INSTRUCTIONS FOR THE TASK. From the entries below, write out exactly the lines between the line holding "6f9f6a71ca31 San Antonio" and the line holding "Sham Chun Street is short.", inclusive, excluding any pictures.

RECORDS.
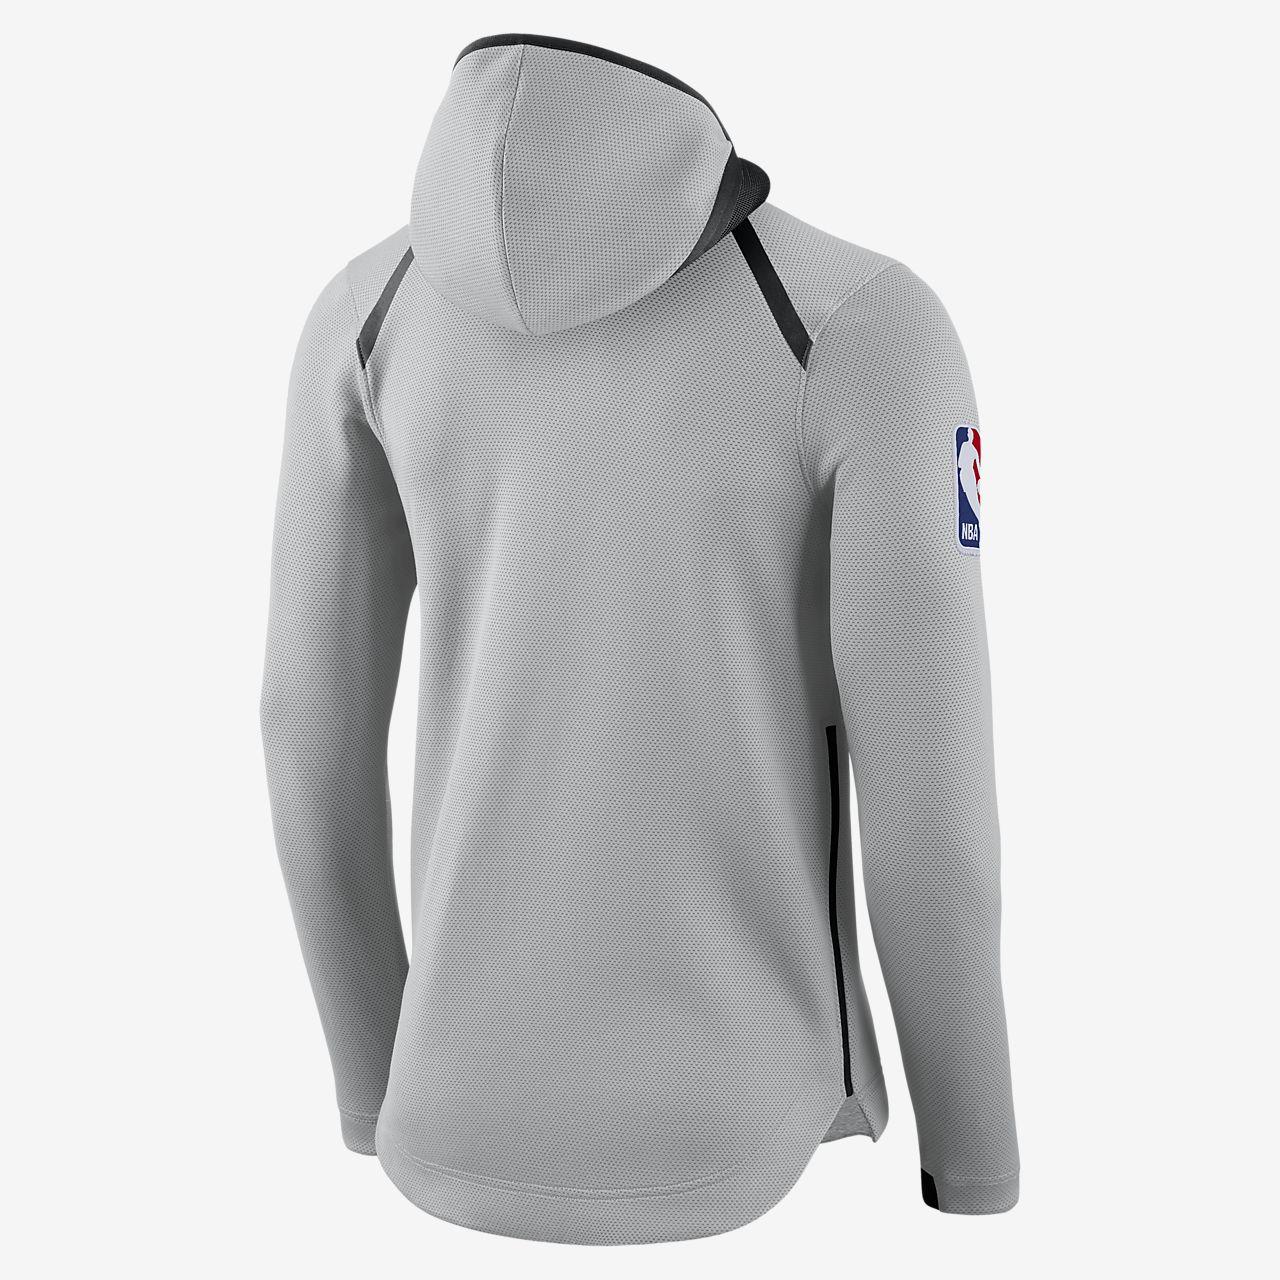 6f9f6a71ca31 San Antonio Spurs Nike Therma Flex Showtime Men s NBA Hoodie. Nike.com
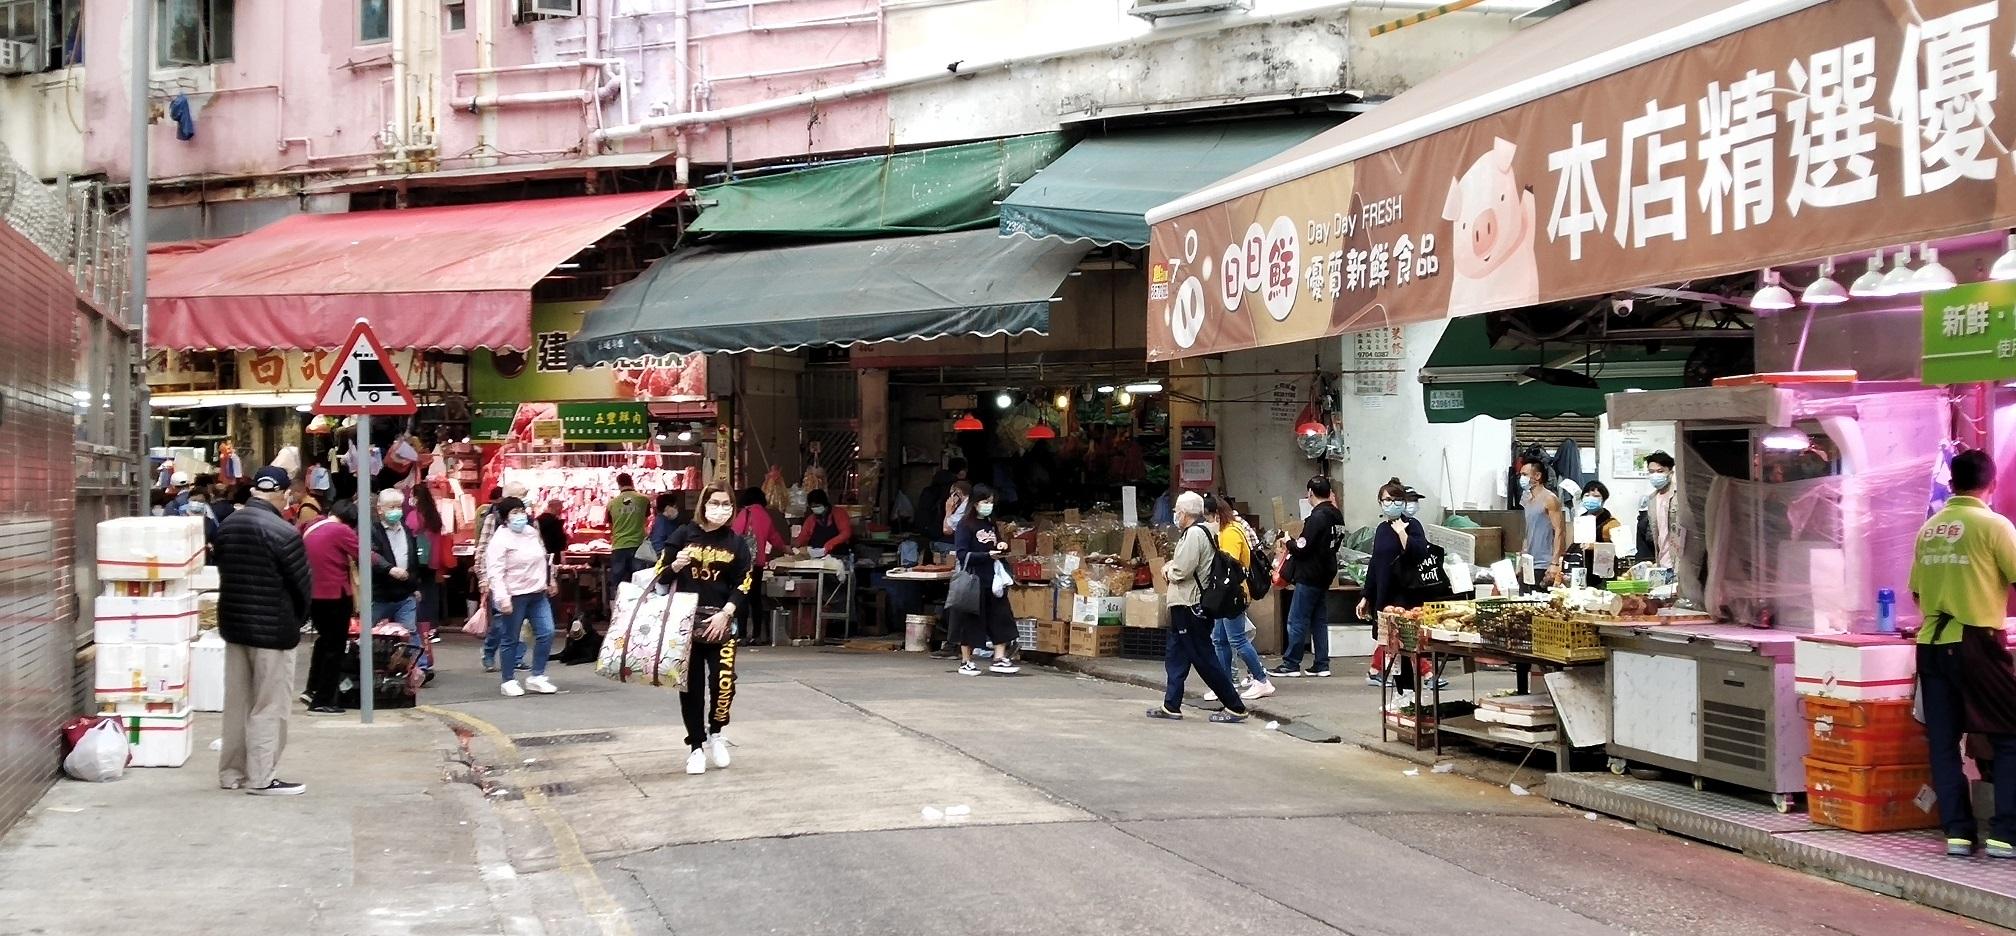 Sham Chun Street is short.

* * *

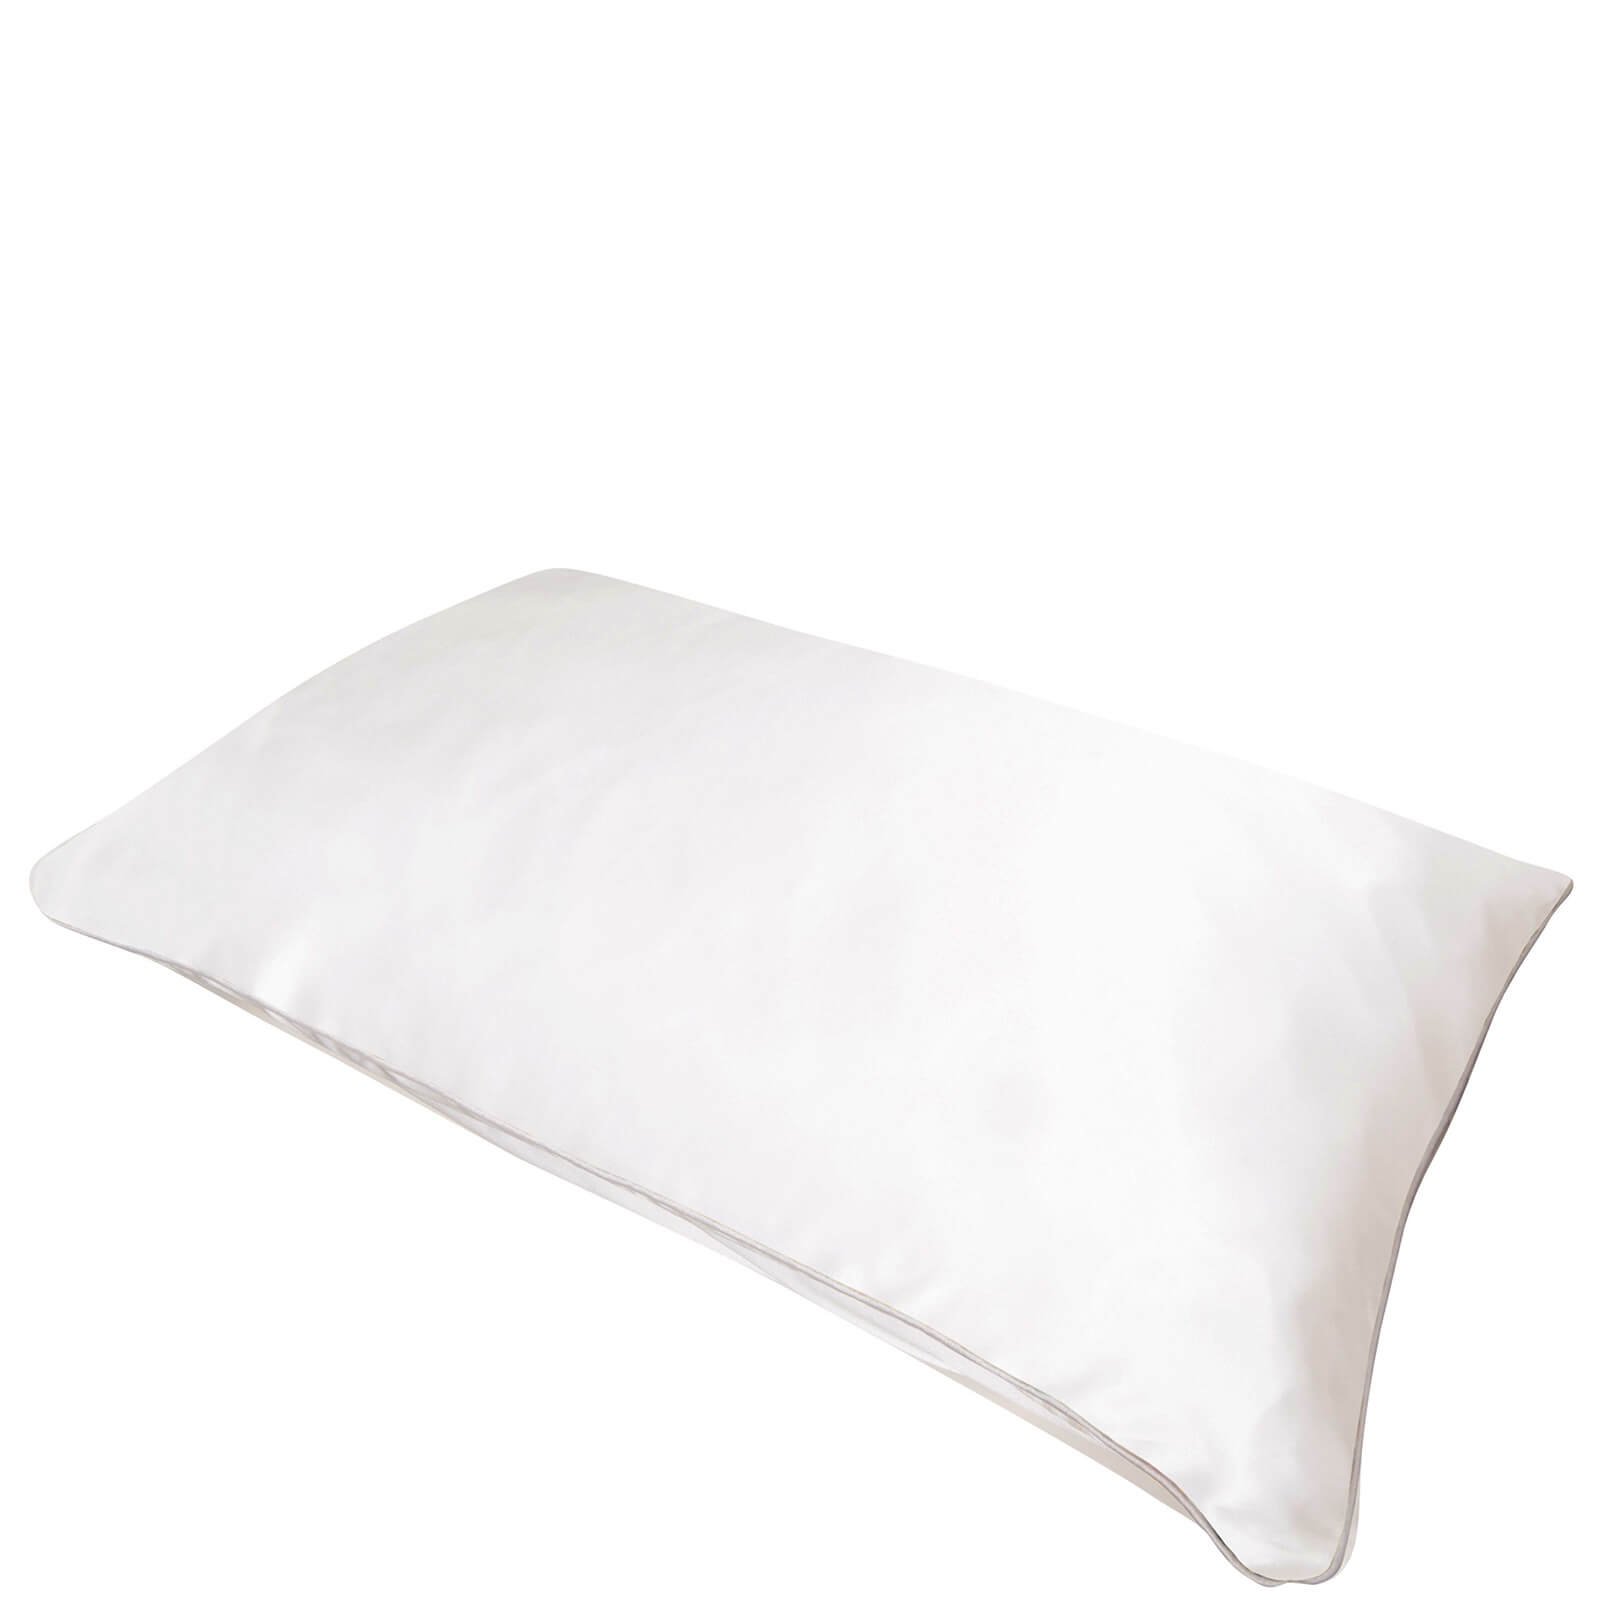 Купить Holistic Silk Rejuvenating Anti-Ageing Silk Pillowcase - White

SOLUTION FOR THIS PROBLEM.
 6f9f6a71ca31 San Antonio Spurs Nike Therma Flex Showtime Men s NBA Hoodie. Nike.com
 Sham Chun Street is short.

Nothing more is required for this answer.